4.3 De toekomstige situatie op de postmarkt

De toekomstige situatie op de postmarkt hangt mede af van de wettelijke context waarin markt- en concurrentieontwikkelingen kunnen plaatsvinden. Die context is op dit moment nog in wording. Op dit moment ligt een wetsvoorstel voor een nieuwe Postwet voor behandeling in de Tweede Kamer. Hierin wordt volledige liberalisering van de Nederlandse postmarkt per 1 januari 2008 voorgesteld. Deze liberalisering is afhankelijk gesteld van een ‘de facto’ volledige liberalisering van de postmarkten in het VK en Duitsland. In het wetsvoorstel zijn regels opgenomen die er toe strekken bij te dragen aan een goede marktwerking door aan te geven welke verplichtingen postvervoerbedrijven over en weer hebben. Als blijkt dat op de nationale postmarkt of een onderdeel daarvan daadwerkelijke

concurrentie ontbreekt, dan kunnen bij AMvB regels worden gesteld met betrekking tot het verrichten van postvervoerdiensten tegen speciale tarieven en voorwaarden. Als er andere oorzaken zijn voor gebrekkige marktwerking dan gelden hiervoor de algemene mededingingregels.

De verwachting is dat door volledige liberalisering van de postmarkt economische voordelen kunnen worden behaald voor met name de zakelijke afnemers. Het toestaan van concurrentie leidt echter niet noodzakelijkerwijs tot daadwerkelijke concurrentie. Die komt er wanneer toegangsbarrières in de markt worden geslecht. Omdat de postmarkt een markt in transitie is, waar nog geen sprake is van volledige marktwerking, is het van belang om de marktsituatie in het oog te houden en de

ontwikkelingen in de nationale en de internationale context te volgen. Hiertoe is in de concept Postwet specifiek een taak voor OPTA opgenomen.

(19)

5

Visie op de interactie van OPTA met de omgeving

Om haar rol als toezichthouder naar behoren in te kunnen vullen, moet de interactie van OPTA met de omgeving aan een aantal voorwaarden voldoen. Ook op de thema’s die hieruit volgen heeft OPTA een visie ontwikkeld. Deze visie loopt langs de volgende lijnen:

• Een professionele relatie met relevante instanties binnen de communicatiesector.

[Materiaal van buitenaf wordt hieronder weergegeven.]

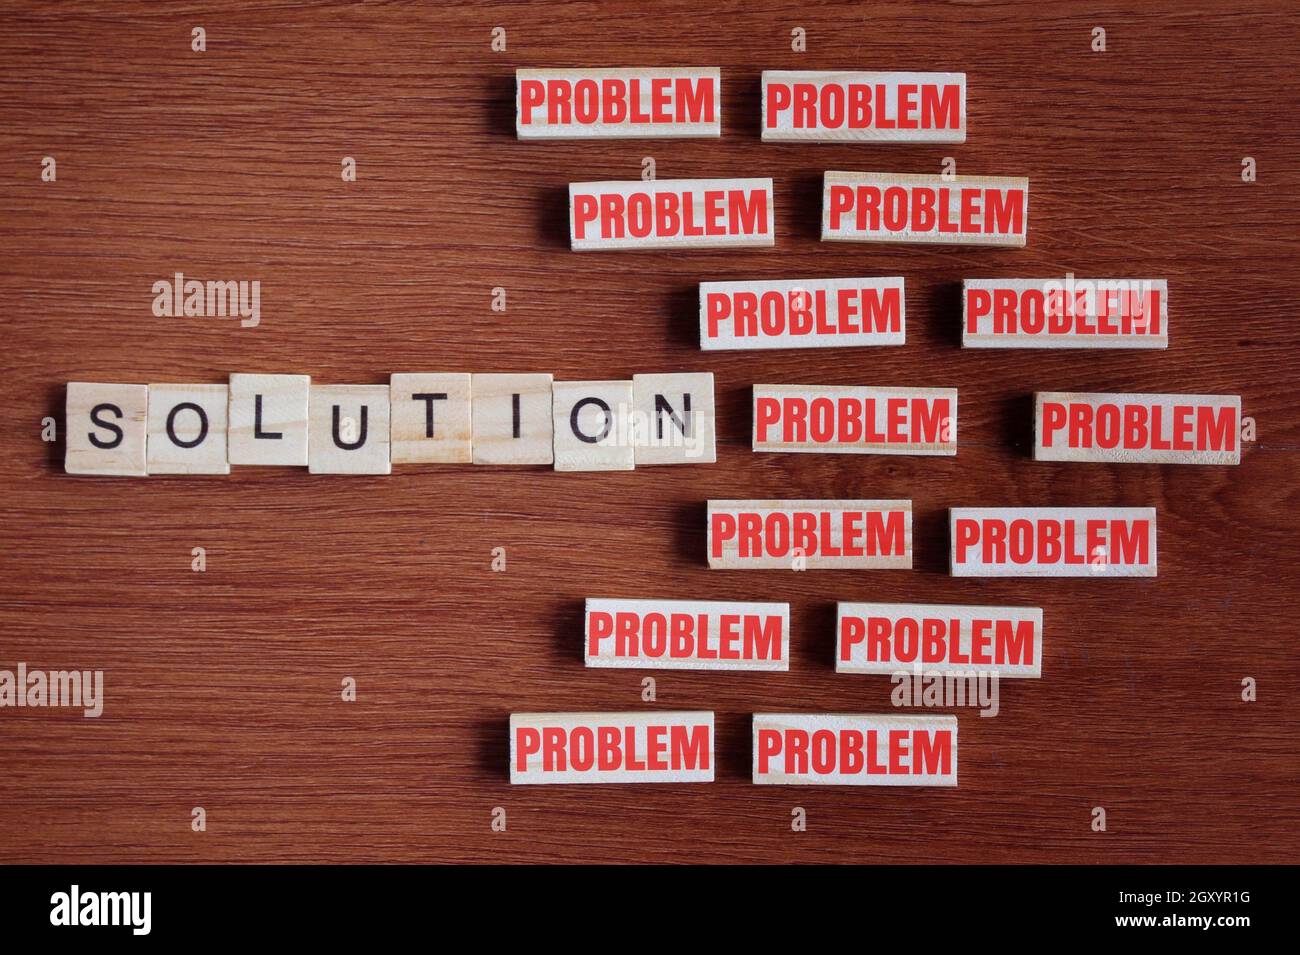 Concept of problem solving. Look for the solution inside the problem. Top view of wooden tiles with text PROBLEM and SOLUTION Stock Photo

• Openheid over OPTA’s maatschappelijke functie en zichtbaarheid van haar maatschappelijke rol. • Deskundig en gemotiveerd personeel dat onder optimale werkomstandigheden zijn taken kan

verrichten.

• Principes van reguleren: maatwerk en proportionaliteit.

5.1 Een professionele relatie met relevante instanties binnen de communicatiesector

5.1.1 Internationale samenwerking

Door convergentie en internationalisering van de communicatiesector veranderen de verhoudingen tussen toezichthouders, regeringen en de communautaire autoriteiten. In het regelgevend kader voor communicatiediensten heeft de Europese Commissie een zware toetsende rol op het toezicht op markten in de lidstaten. Toezichthouders en de Commissie werken aan intensivering van de samenwerking in de ERG, primair ten behoeve van harmonisatie. Dat gebeurt vanuit het besef dat verschillen in regulering in de lidstaten op zijn minst verklaarbaar moeten zijn voor alle betrokkenen. De balans in verantwoordelijkheden is niet statisch; bij de aanpak van een grensoverschrijdend probleem als roaming heeft de Commissie het voortouw genomen, toen het nieuwe regelgevend kader onvoldoende mogelijkheden bleek te bieden voor een nationale aanpak van dit probleem. Ook de herziening van het Europese Nieuwe Regelgevend Kader kan gevolgen voor toezicht hebben.

De nationale toezichthouders hebben een belangrijke rol en verantwoordelijkheid bij het realiseren van de Europese interne markt en de doelstellingen van liberalisering van communicatiediensten. OPTA is van mening dat daarbij twee uitgangspunten centraal moeten staan. Ten eerste is van groot belang dat het Europees regelgevend kader flexibeler wordt dan het nu is, zodat nationale toezichthouders hun regulering kunnen toesnijden op de concurrentieproblemen die zij tegenkomen. Juist omdat het tempo van marktontwikkelingen tussen lidstaten verschilt, moeten toezichthouders de ruimte hebben om maatwerk te leveren. Ten tweede moeten toezichthouders er alles aan doen om de consistentie van regulering tussen lidstaten te bevorderen. Vergelijkbare concurrentieproblemen moeten met vergelijkbare, proportionele verplichtingen verholpen worden. Met andere woorden: flexibel en consistent, waarbij de toezichthouders keuzes maken vanuit hun onafhankelijkheid, expertise en inzicht in marktontwikkelingen en marktomstandigheden. Alleen op die manier kan een toezichthouder proportionaliteit en maatwerk bieden. Deze uitgangspunten brengt OPTA in bij de lopende herziening van het Europees regelgevend kader en bij de gesprekken met haar collega’s in de ERG.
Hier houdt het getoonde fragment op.